Bösendorfer makes eight models of grand piano from 155 to 290 cm and two vertical pianos, 120 and 130 cm. The Imperial Grand is one of the world's largest pianos.
Each numerical Bösendorfer model directly corresponds to its length in centimeters. For example, a Model 170 is 170 cm long. These tables describe the Bösendorfer models:

=== Grand pianos ===
Models:

| Model | Length | Keys |
|---|---|---|
| 155 | 155 cm (5 ft 1 in) | 88 |
| 170 VC | 170 cm (5 ft 7 in) | 88 |
| 185 VC | 185 cm (6 ft 1 in) | 88 |
| 200 | 200 cm (6 ft 7 in) | 88 |
| 214 VC | 214 cm (7 ft 0 in) | 88 |
| 225 | 225 cm (7 ft 5 in) | 92 |
| 230 VC | 230 cm (7 ft 7 in) | 88 |
| 280 VC | 280 cm (9 ft 2 in) | 88 |
| 290 Imperial | 290 cm (9 ft 6 in) | 97 |

=== Upright pianos ===
Models:

| Model | Height | Keys |
|---|---|---|
| 120 | 120 cm (47 in) | 88 |
| 130 | 130 cm (51 in) | 88 |

===Conservatory Series===
To appeal to a wider market, Bösendorfer designed the Conservatory Series for colleges and universities that could not afford Bösendorfer's standard black-model pianos. The production of the two CS Series pianos spends less time in "non-critical areas", cutting down costs of production and purchase, making them more affordable than standard models. The cases and frames are of satin finish, rather than polished and, initially, the pianos were loop-strung rather than single-strung, but those practices have since been abandoned.

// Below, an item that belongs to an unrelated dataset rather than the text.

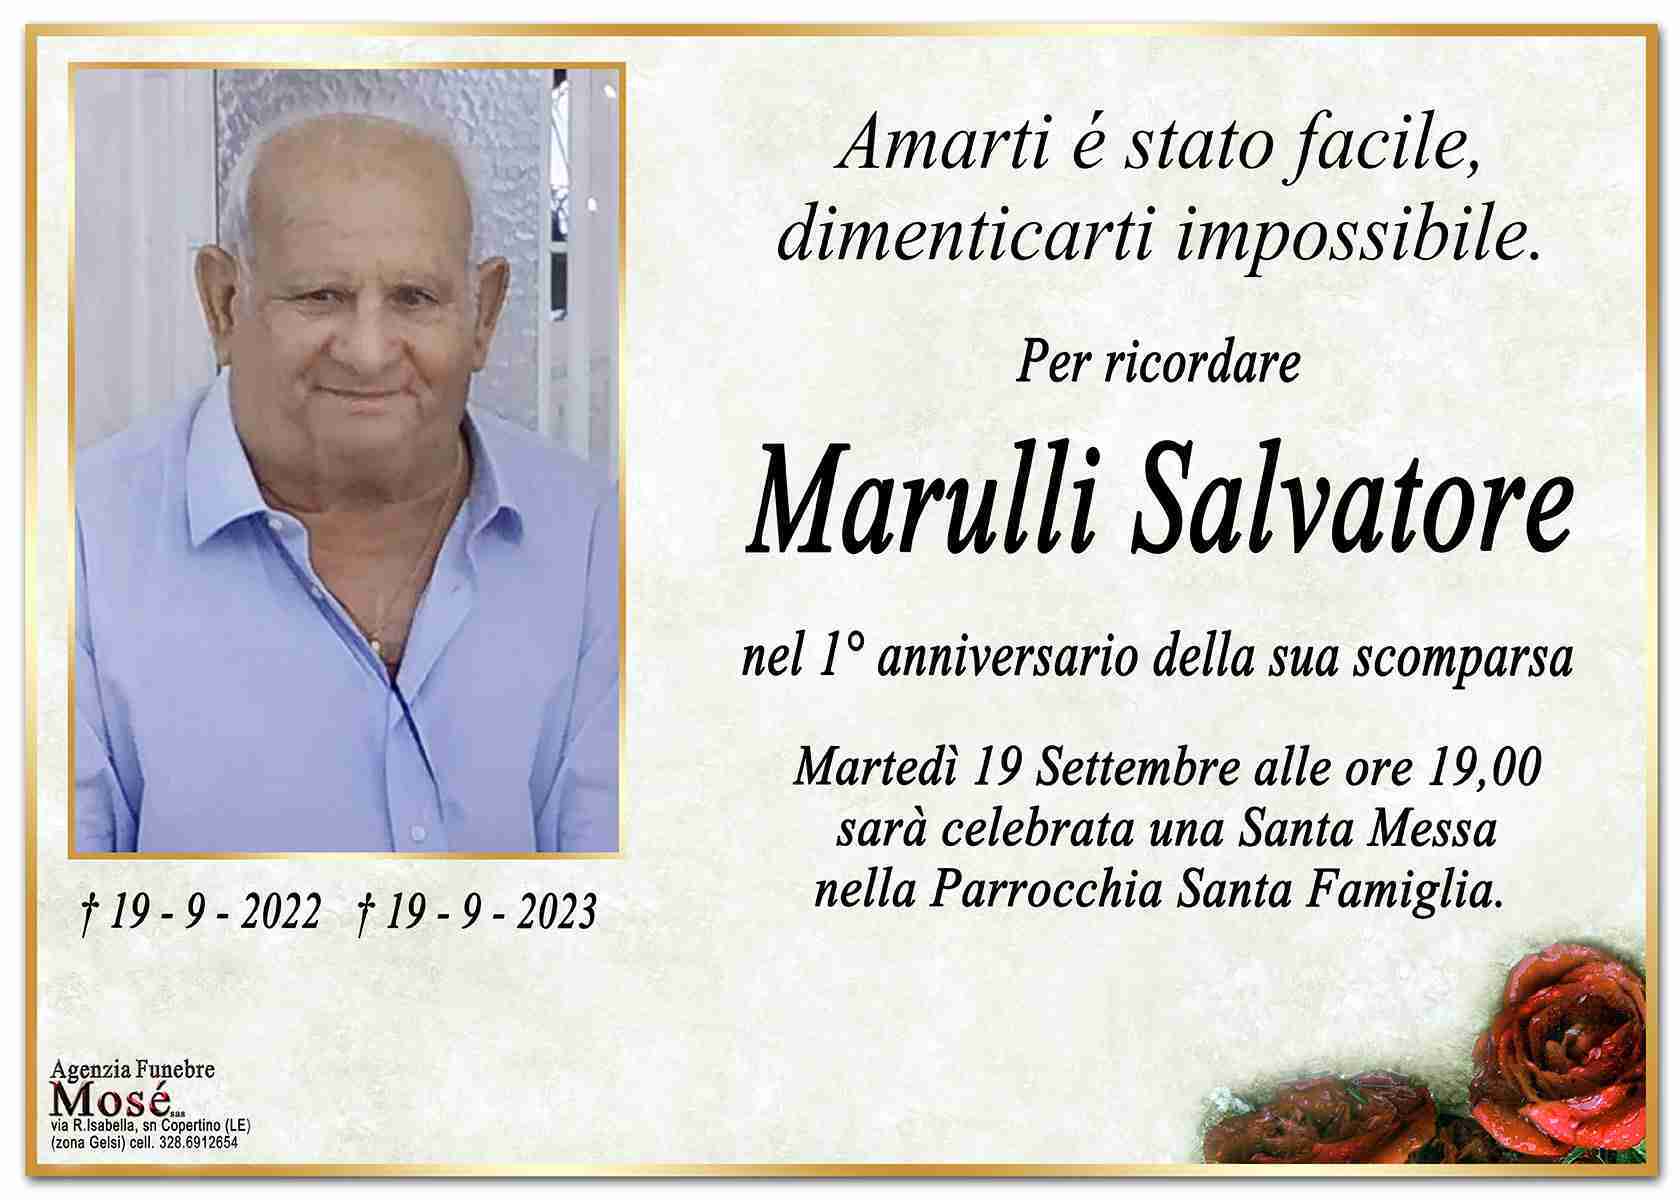 Salvatore Marulli

===Special and Limited editions===
Bösendorfer has produced a number of specially designed pianos named after famous composers such as Franz Schubert, Frédéric Chopin and Franz Liszt, as well as pianos designed for special occasions, such as Bösendorfer's 170th and 175th anniversaries.

====SE reproducing piano====
Under the ownership of Kimball, Bösendorfer built and sold a small number of Stahnke Edition automatic reproducing pianos based on 3 of the 'Imperial Line' models 225, 275 and 290. The 'SE' designation was for Stahnke Engineering, whose founder, Wayne Stahnke, invented the mechanism. These instruments were fitted with sensors, electronics and mechanical systems to record and play back piano performances extremely accurately through electro-mechanical actuation of the piano keys and pedals. These instruments were designed to work with either performances stored on cassette tapes as digital data, or with an attached MS-DOS IBM PC computer. Using the computer, the SE instruments could be used for recording, editing and playback. The SE system instruments were the first commercially available computer-controlled "player piano" capable of accurately reproducing both the notes and intensity of a performer's playing. This system was not further developed or patented due to its high cost. Competitors soon introduced patented reproducing piano technologies such as the Yamaha Disklavier in 1982.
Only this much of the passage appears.